» **ACTIVITY**:
Lines from the opening of the material through the line containing "alegre Natal e" must be duplicated word for word. Pictures are not.

» **DATA BLOCK**:
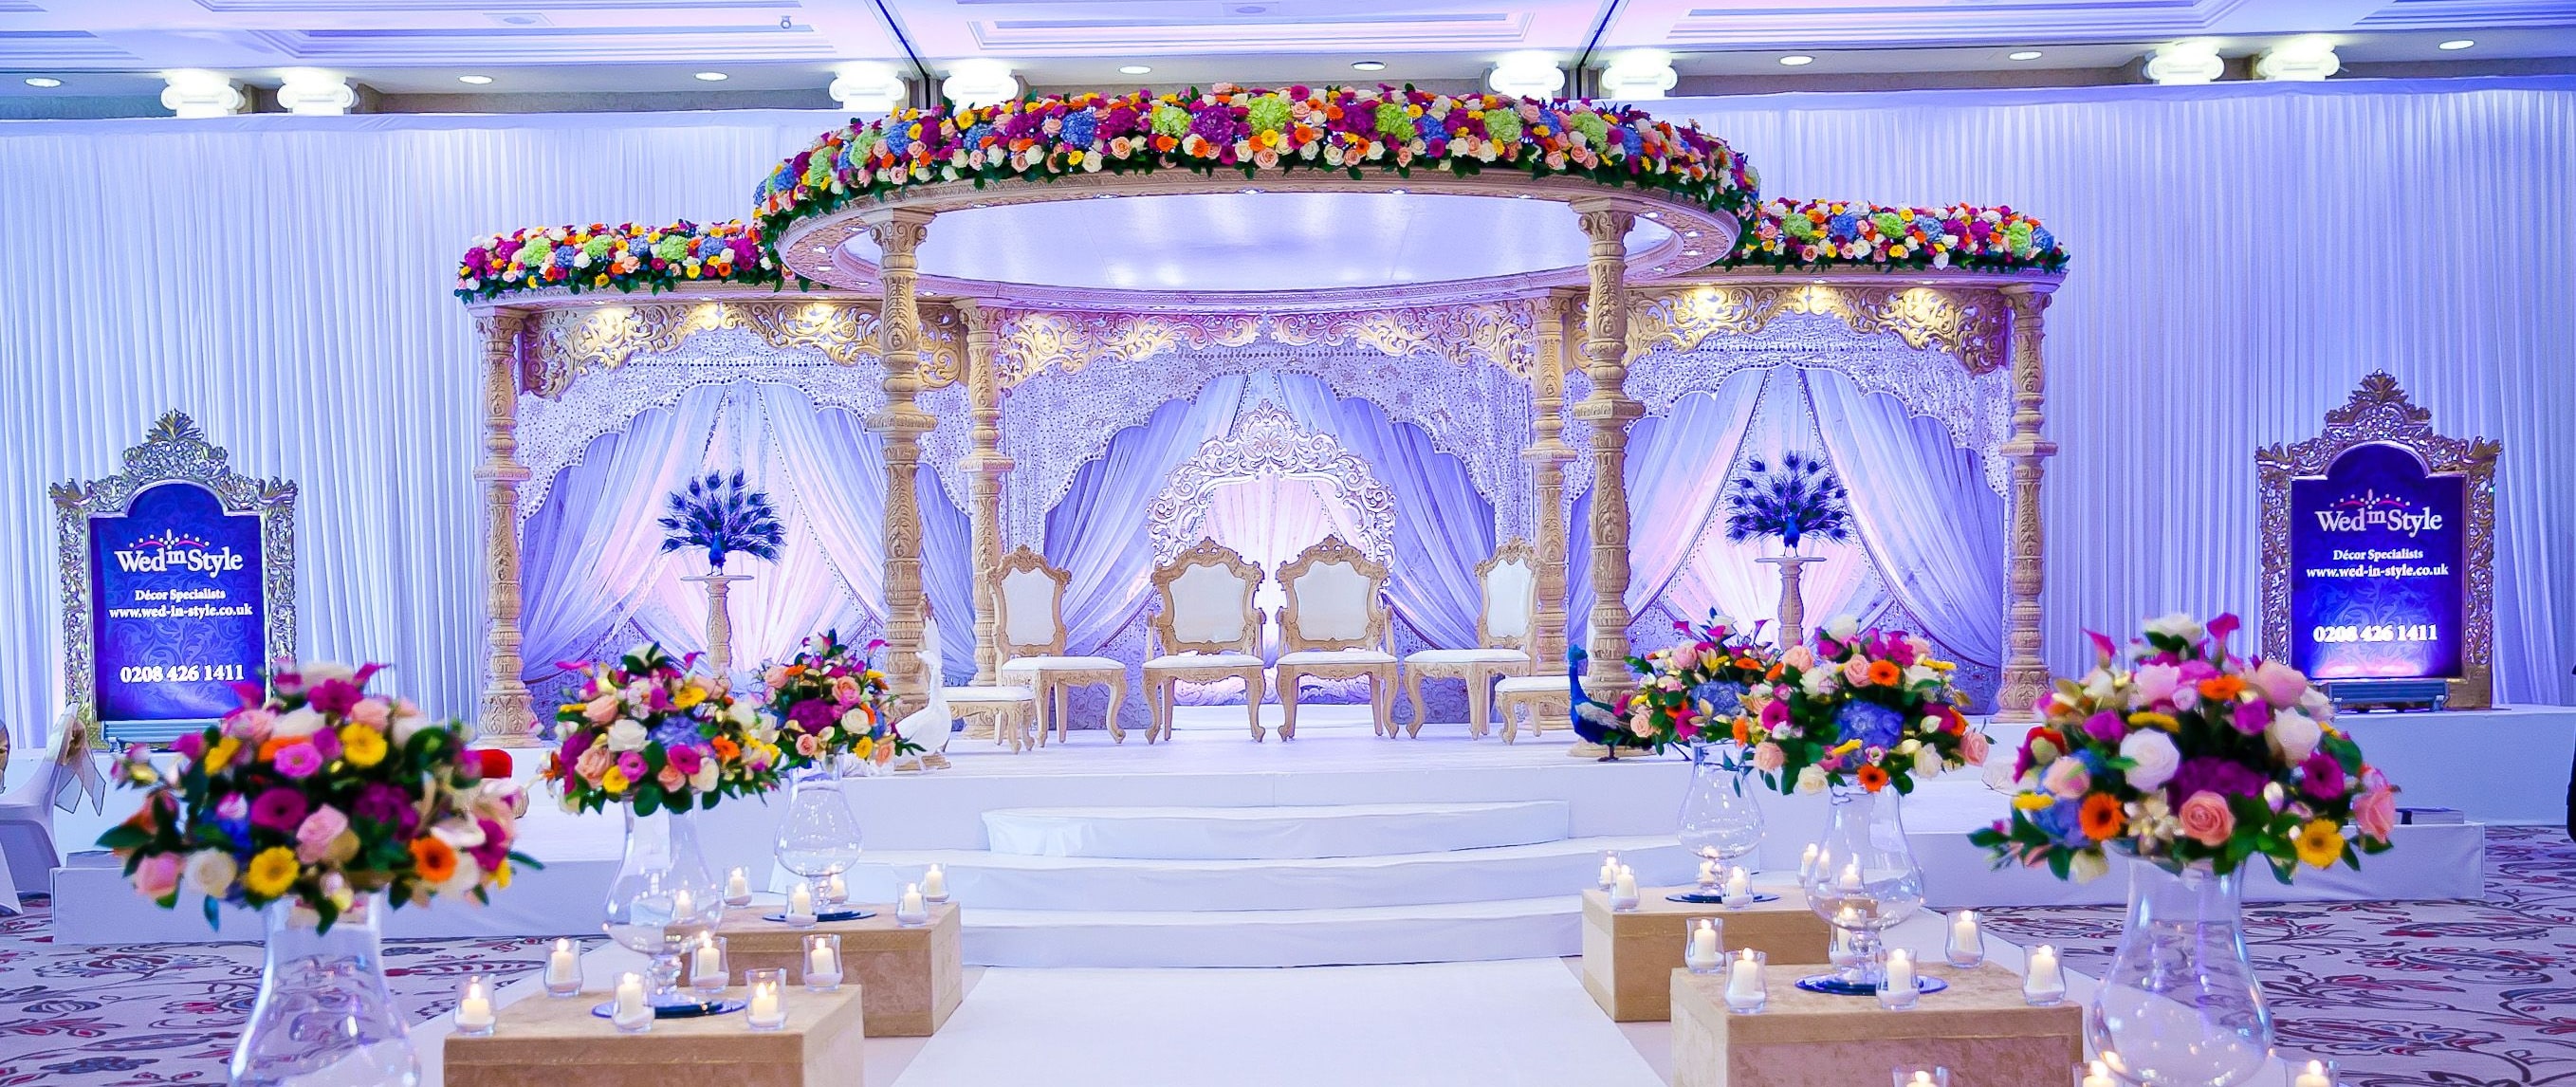 AJF, wedding event management, nalan.com.sg
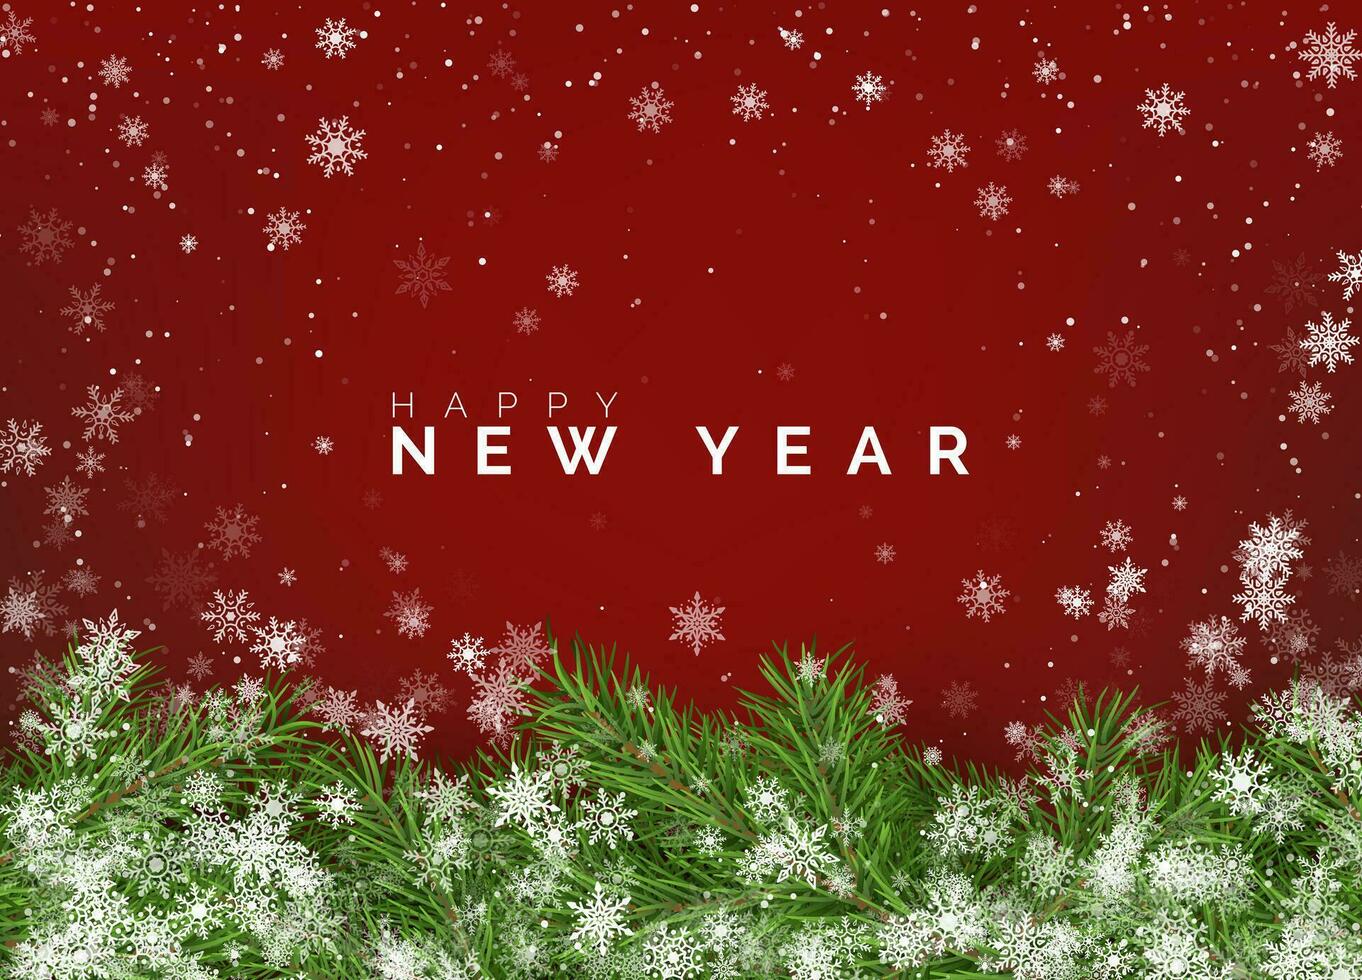 alegre Natal e feliz Novo ano cumprimento cartão. Natal árvore galhos em vermelho fundo com branco queda flocos de neve. feriado decoração elementos. vetor ilustração
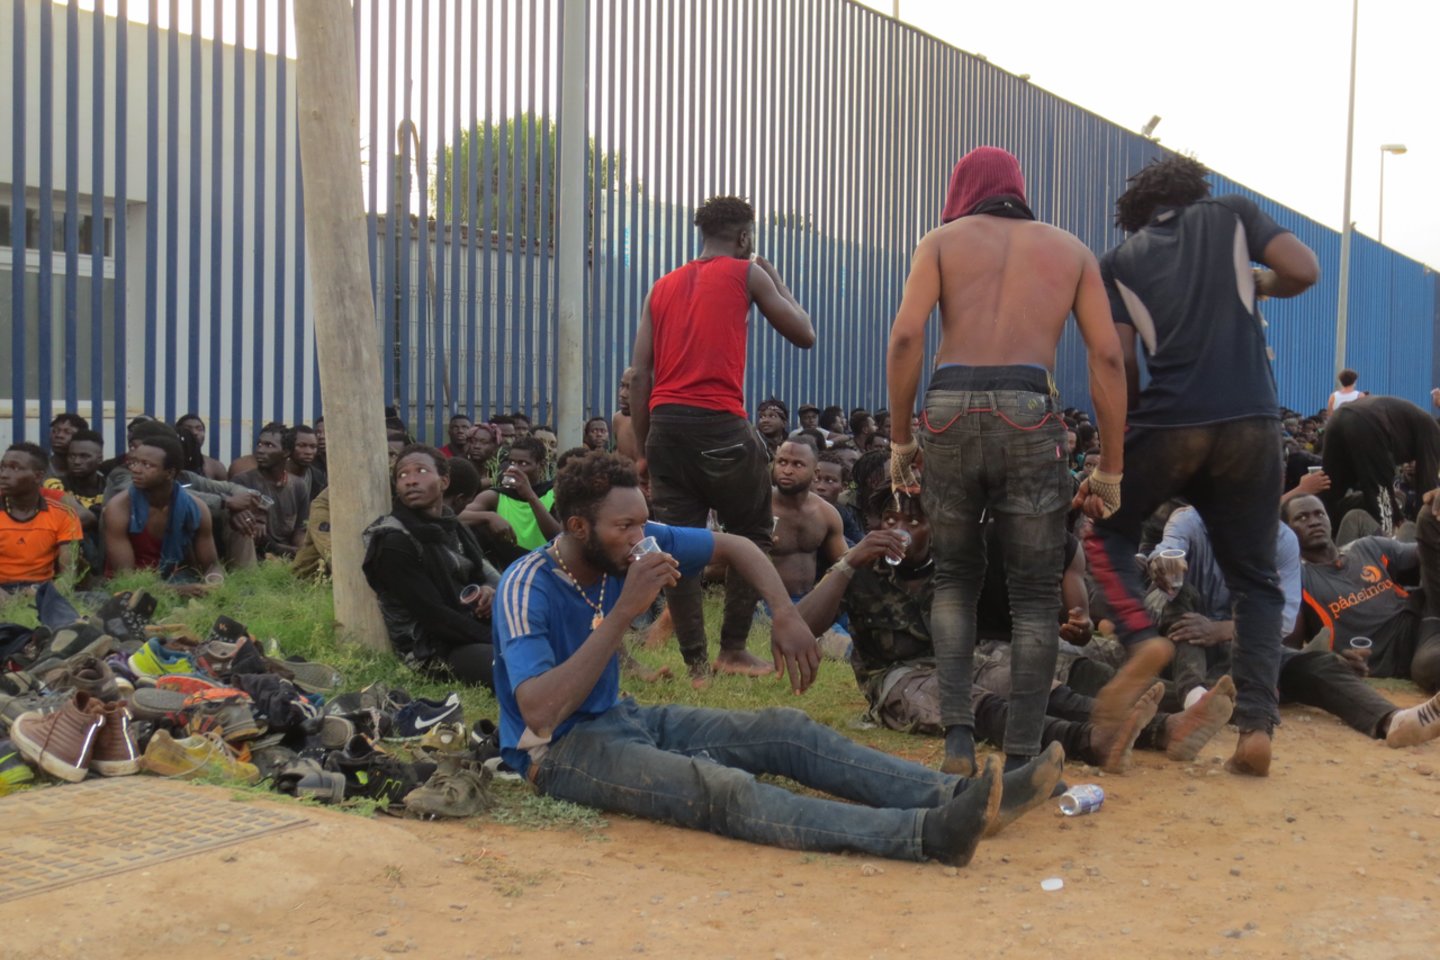 Apie 350 migrantų mėgino patekti į Melilją, Ispanijos anklavą Šiaurės Afrikoje, bet ne vienas jų nesugebėjo prasiveržti per teritoriją juosiančias tvoras.<br>ZUMAPRESS.com/Scanpix nuotr.

» **ANSWER SPACE**:
 AJF, wedding event management, nalan.com.sg
 alegre Natal e feliz Novo ano cumprimento cartão. Natal árvore galhos em vermelho fundo com branco queda flocos de neve. feriado decoração elementos. vetor ilustração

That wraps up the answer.